Because state officials systematically embezzled public funds and stashed them away in secret bank accounts in tax havens over decades, the government now has to borrow money for the COVID-19 response — up to Shs1.6 trillion ($440 million), according to the Ministry of Finance.

“Who” are the culprits that own these private accounts in Switzerland, Luxembourg or any of the other tax havens? The report accuses “ruling politicians, bureaucrats and their cronies”, giving us a general direction where to look.
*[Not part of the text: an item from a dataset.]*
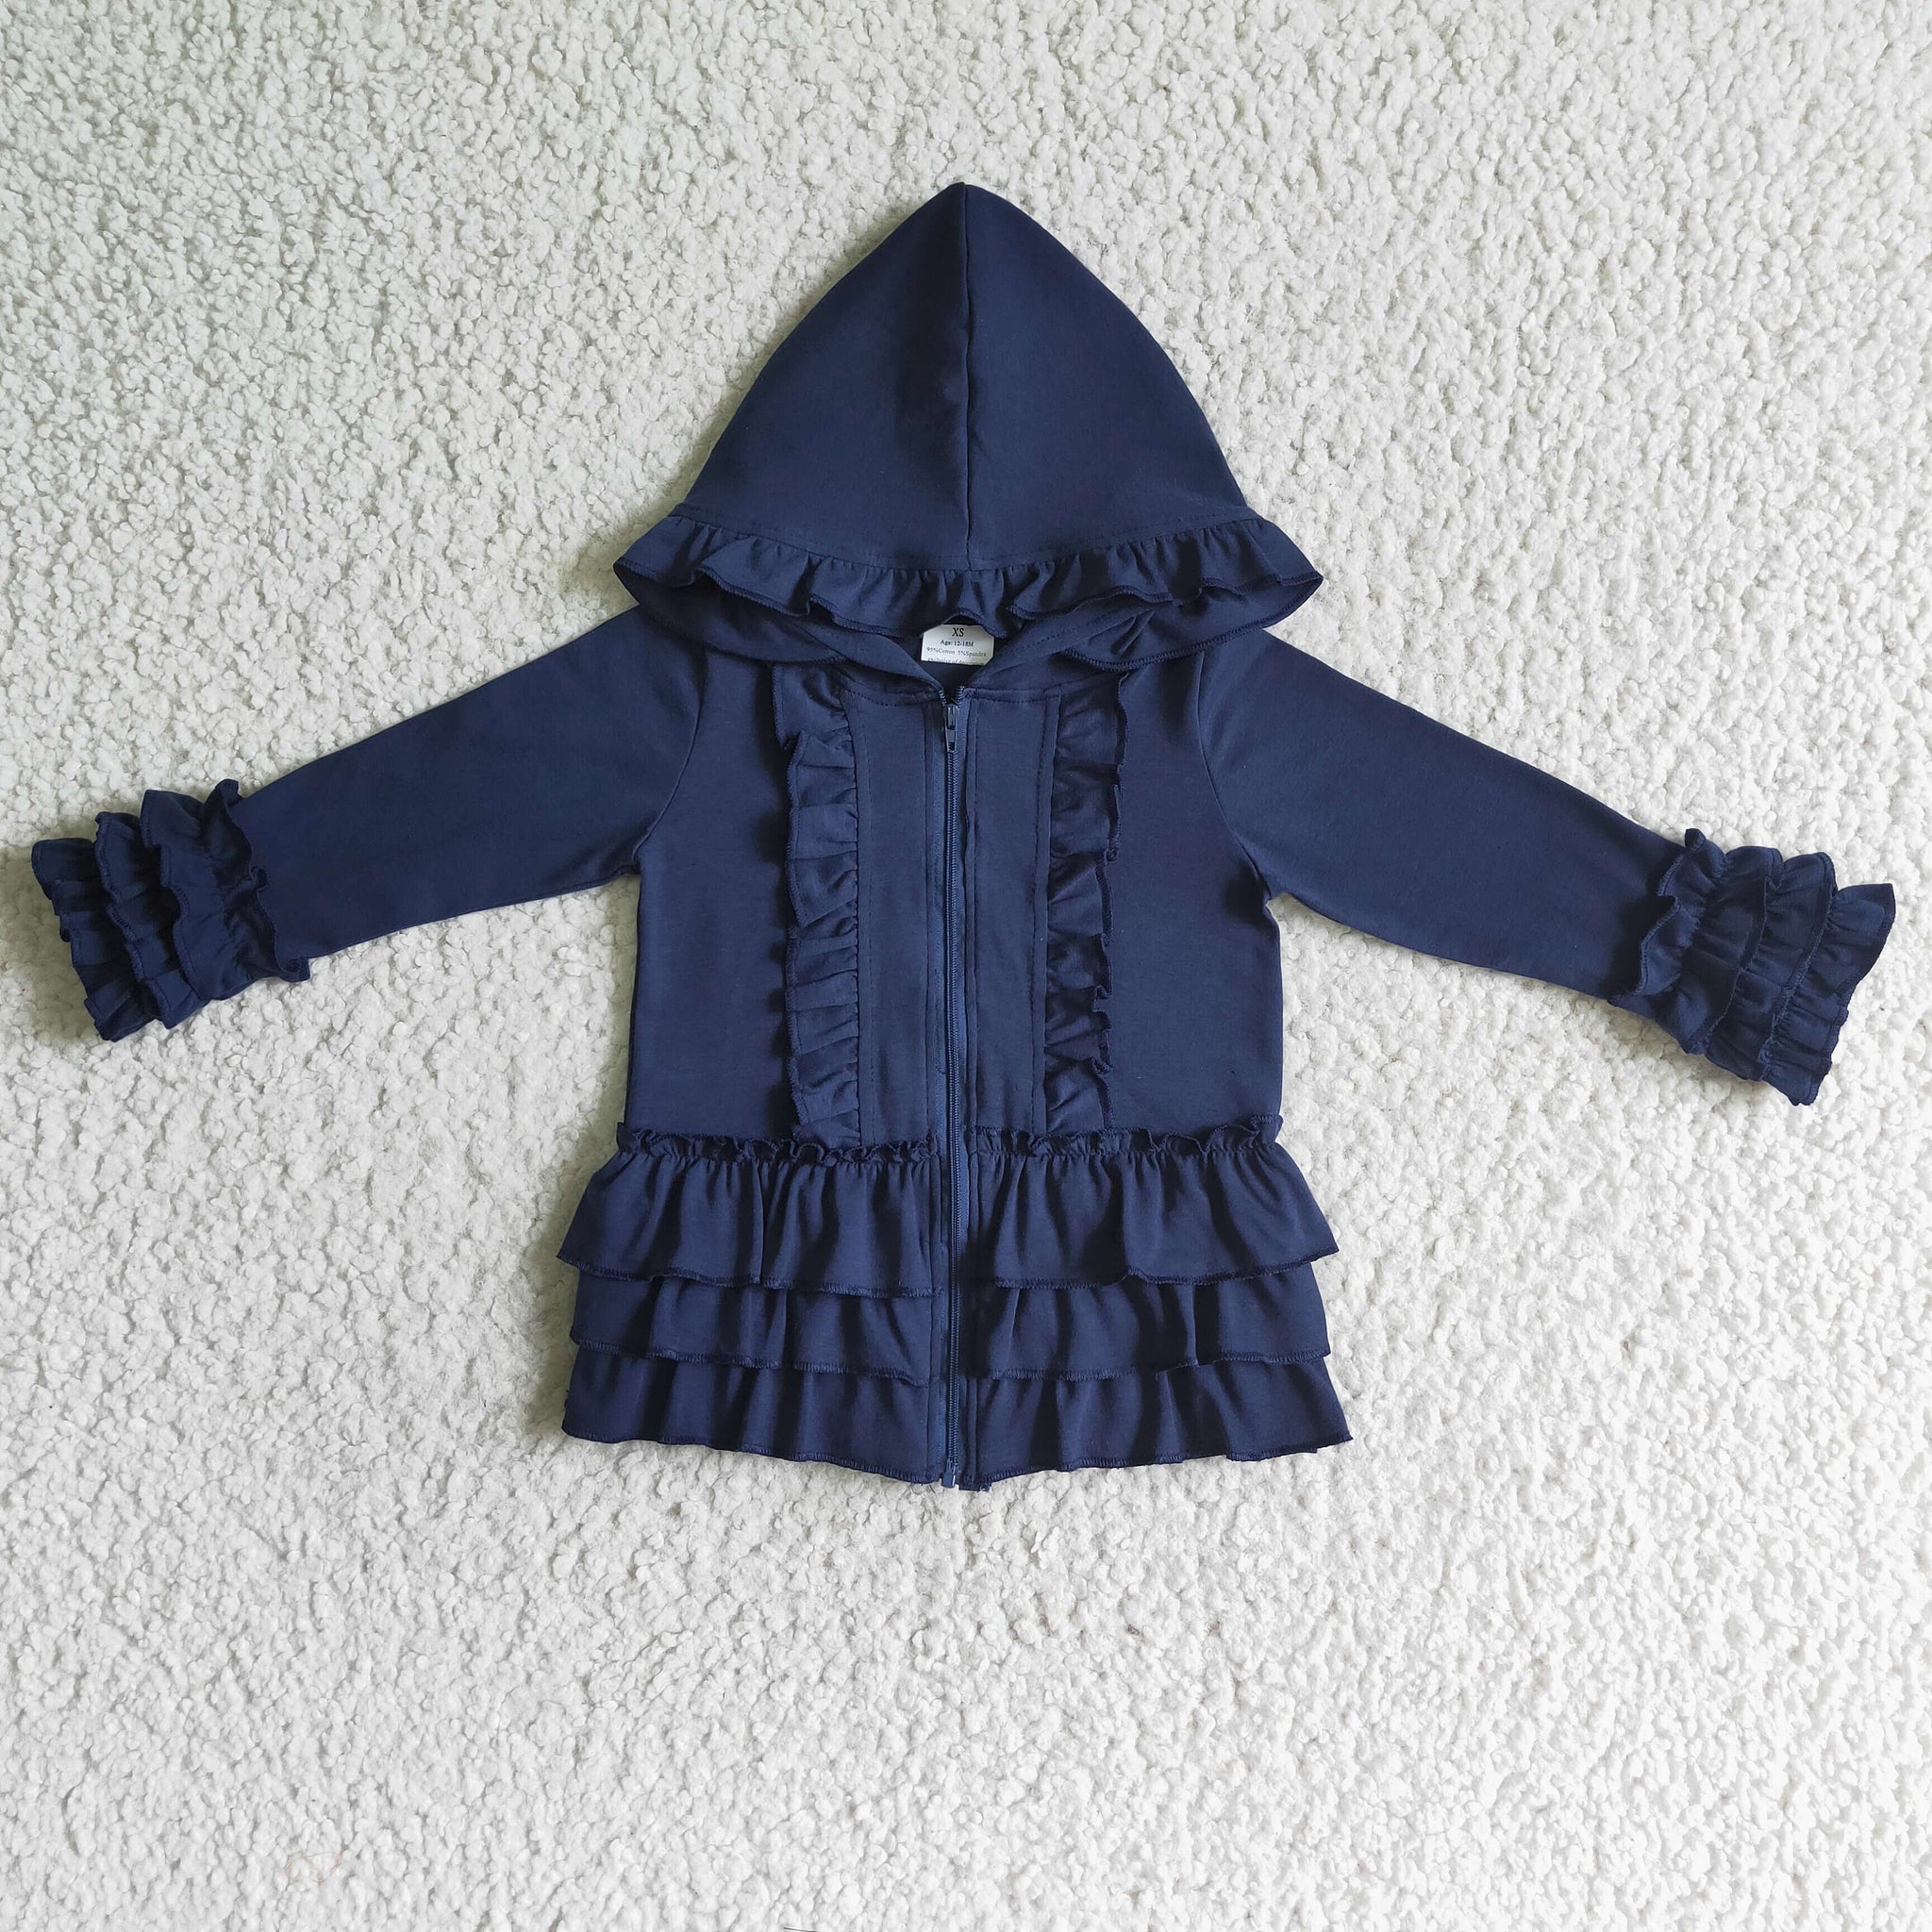 GT0013 baby girl clothes navy ruffles cotton winter coat jacket

But no names are named, largely because secrecy is the main service these jurisdictions offer their clients that not even the World Bank (let alone their own authorities) would get a name. In fact, it is said that the higher the haven deposits, the stronger the secrecy laws that conceal the identity of account holders. However, the general description does narrow down the list of possible culprits that need to be held accountable. How many ruling politicians, bureaucrats and their cronies would be powerful enough to have such consistent and unrestricted access to World Bank aid?

Journalists must remember that while the money already in tax havens may be beyond reach, the new COVID-19 response aid, including the expected new World Bank lending for this purpose, can be secured with close monitoring to ensure that once here the cash does not just bounce off to tax haven accounts.

The subject of tax havens is not complete without noting the World Bank’s own culpability in this matter, especially through its dealings with private sector investors.

An Oxfam study in 2016 found that up to 80% of funds from the International Finance Corporation (World Bank’s private sector lending arm) to countries in Sub-Saharan Africa were channeled through multi-national companies based in tax havens, notably Mauritius.

On one hand this was a function of global economic architecture: Tax havens are sovereign states free to set up any laws they want so long as they do not contravene international law. And companies (and individuals) are within their rights to set up shop in any country they see fit, including a tax haven. Short of any tax claims Uganda Revenue Authority might make, this is perfectly legal.

On the other hand, if the monies in question are public funds diverted from services, as those referred to by the World Bank report, this is criminal. Account holders should be identified and called to account.

Even now when we are obsessed with staying safe and flattening the curve, the corrupt should be given no room to get away with it.

 

Ms Nannozi is a journalist and media trainer focusing on business and economics.